Suriye'de muhaliflerin kontrolündeki Doğu Guta ve İdlib bölgelerinden gelen haberlerde hava saldırılarının ardından çok sayıda kişinin nefes almakta zorluk çektiği, onlarca kişinin zehirli gazdan etkilendiği belirtiliyor.

Son olarak Fransa Dışişleri Bakanı Jean-Yves Le Drian da "Tüm emareler klor gazı kullanımına işaret ediyor" dedi.

Le Drian, kjlor gazının Suriye ordusu tarafından kullanıldığını söylüyor.

Şam yönetimiyse iddiaları reddediyor ve düzenlenen hava operasyonlarında herhangi bir kimyasal silahın kullanılmadığını savunuyor.

Birleşmiş Milletler savaş suçlarını araştırma komisyonu, klor gazı iddialarını incelemeye almış durumda.

Özellikle İdlib'e bağlı Sarakeb kasabası ile Şam'a bağlı Doğu Guta'nın Duma bölgesinden gelen klor gazı kullanımı iddiaları inceleniyor.

Bomba

Suriye ordusuna ait savaş uçaklarından atılan bombaların klor gazı taşıdığı iddia ediliyor. Şam yönetimi ise iddiaları reddediyor.
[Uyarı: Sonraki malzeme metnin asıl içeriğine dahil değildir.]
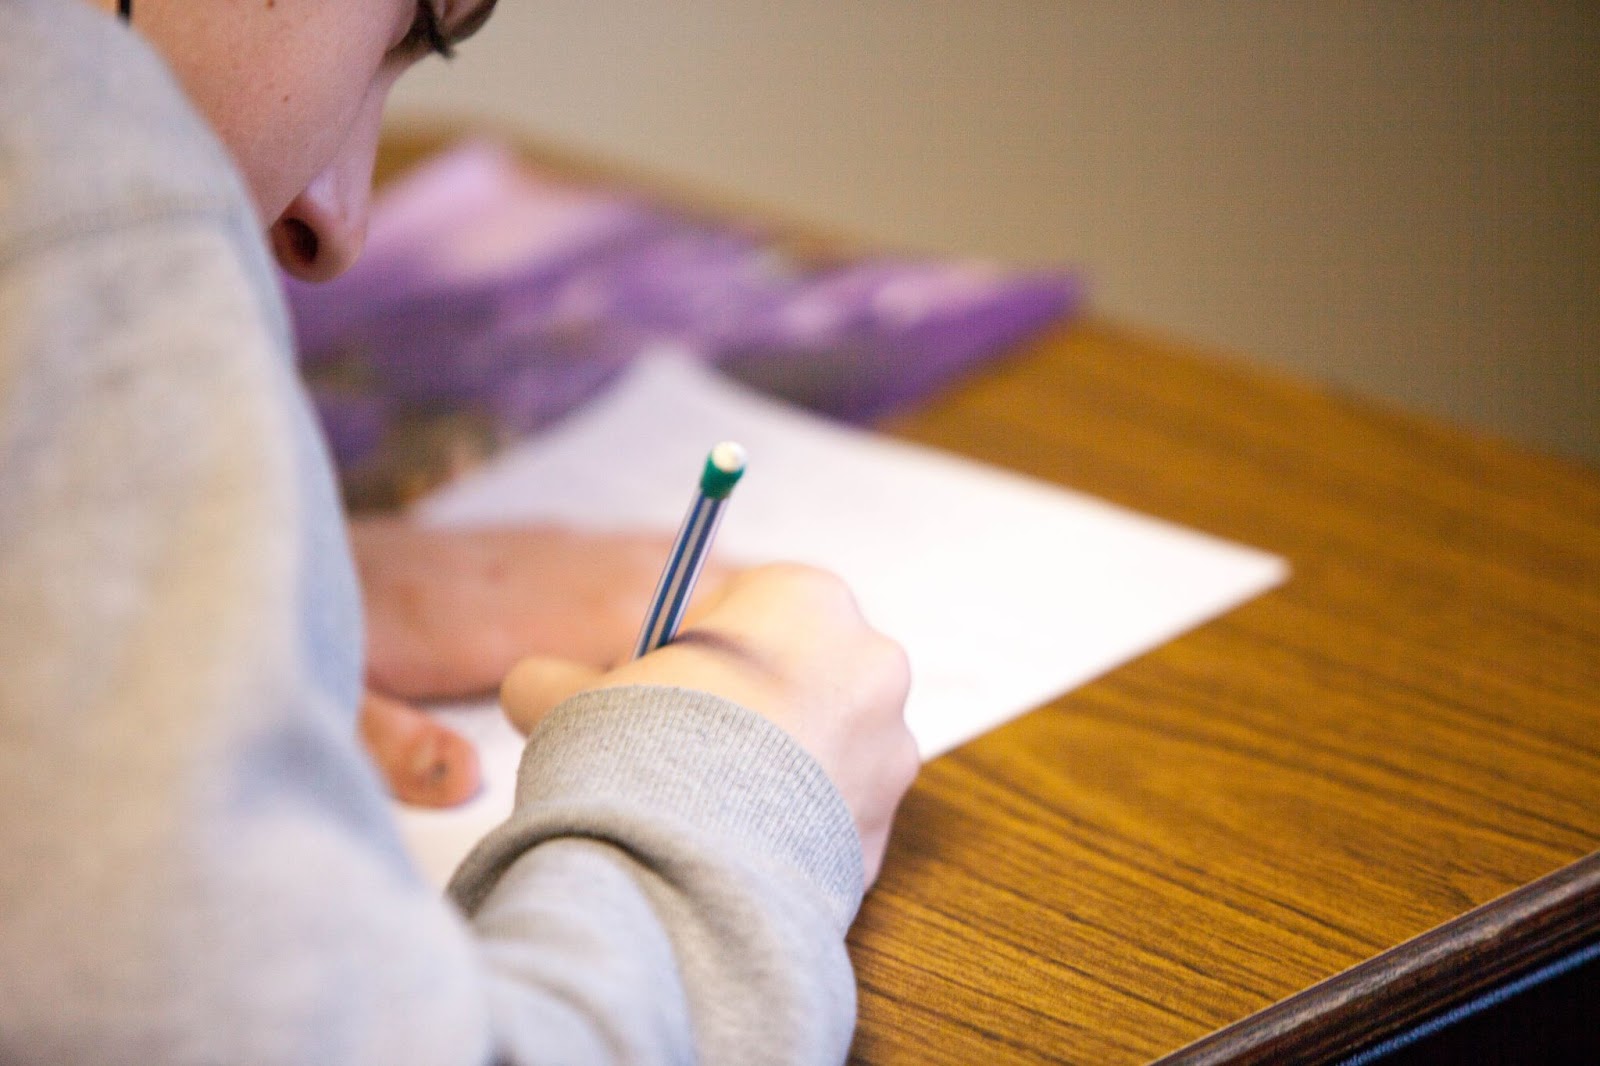 Student taking a writing test with a led pencil - Navigating Racial Bias in Testing
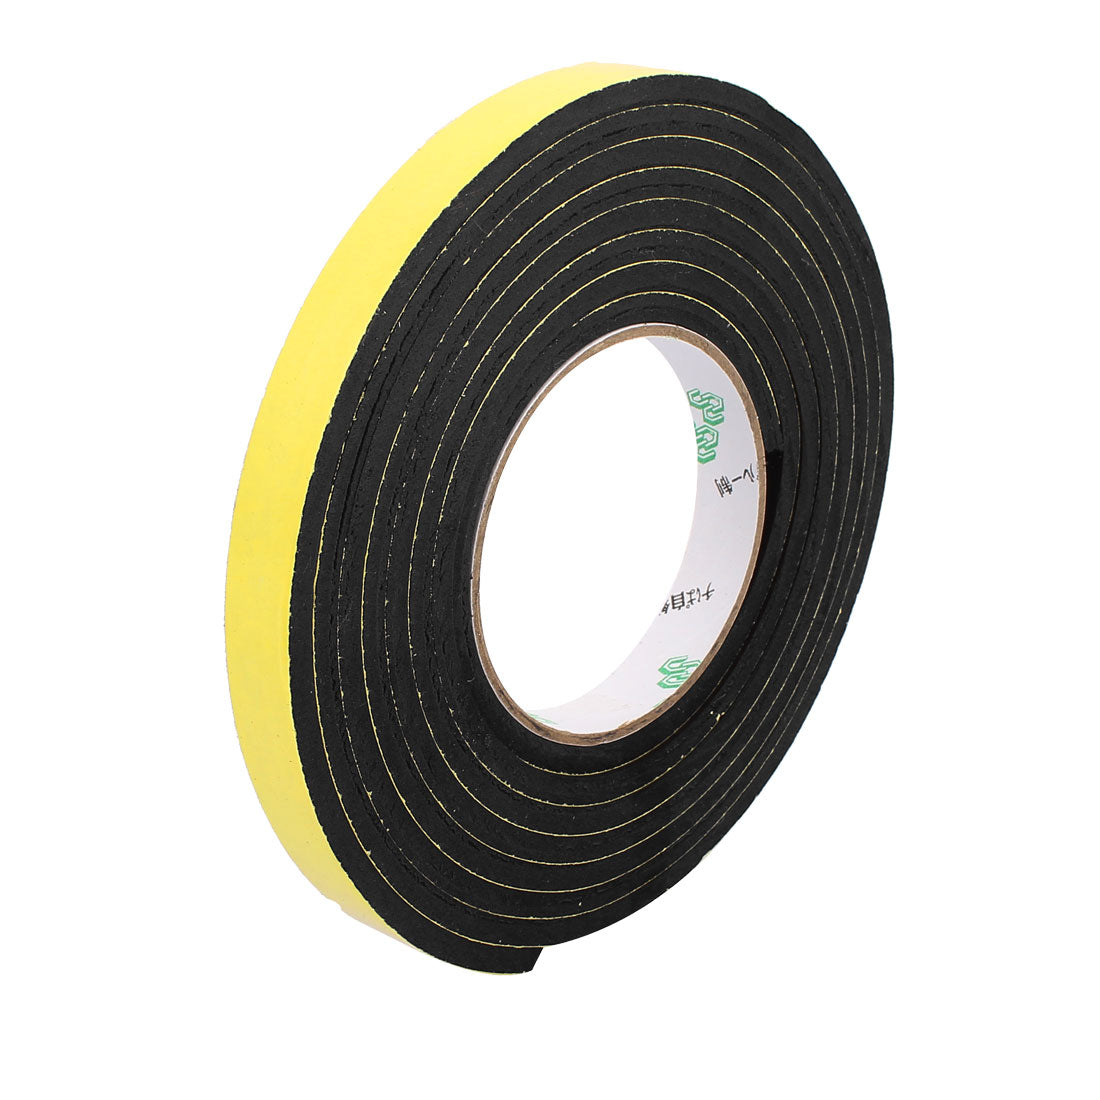 uxcell Uxcell 15mm x 5mm Single Sided Self Adhesive Shockproof Sponge Foam Tape 3 Meters

Suriyeli muhaliflere yakın Londra merkezli Suriye İnsan Hakları Gözlemevi, Pazartesi ve Salı günlerinde Doğu Guta'da düzenlenen hava saldırılarında en az 93 kişinin öldüğünü aktardı.

Gözlemevi'nden yapılan açıklamada, "Suriye'de güvenli bir yer kalmadı. Bilinmesi gereken tek bir şey var: Güvenli bir yer yok" dendi. 

Suriye haritası

Kasım'dan bu yana insani yardım gitmedi

Birleşmiş Milletler (BM) ise son dönemde bombardımanların şiddetlenmesi üzerine Suriye genelinde ateşkes çağrısı yaptı.

BM açıklamasında Suriye ordusunun kuşatması altında olan Doğu Guta'daki sivillere Kasım 2017'den bu yana yardım ulaştırılamadığı vurgulandı ve "Tüm tarafların devam eden saldırganlığı, onlarca sivilin hayatını kaybetmesine yol açıyor" dendi.

BM açıklamasında İdlib'deki sivillerin de çatışmalar nedeniyle sürekli yer değiştirmek zorunda kaldığı ifade ediliyor.

İdlib'de yaklaşık 2 milyon sivilin yaşadığı, 1 milyon kişinin ise evlerini terk etmek zorunda kaldığı sanılıyor.

BM'nin Bölgesel Yardım Koordinatörü Panos Moumtzis, Suriye ordusunun Aralık ayında başlattığı son İdlib harekâtı nedeniyle 300.000 kişinin daha evlerini terk ettiğini vurguluyor ve "Bu insanları nereye yerleştireceğimiz konusunda fazla seçeneğimiz kalmadı" diyor.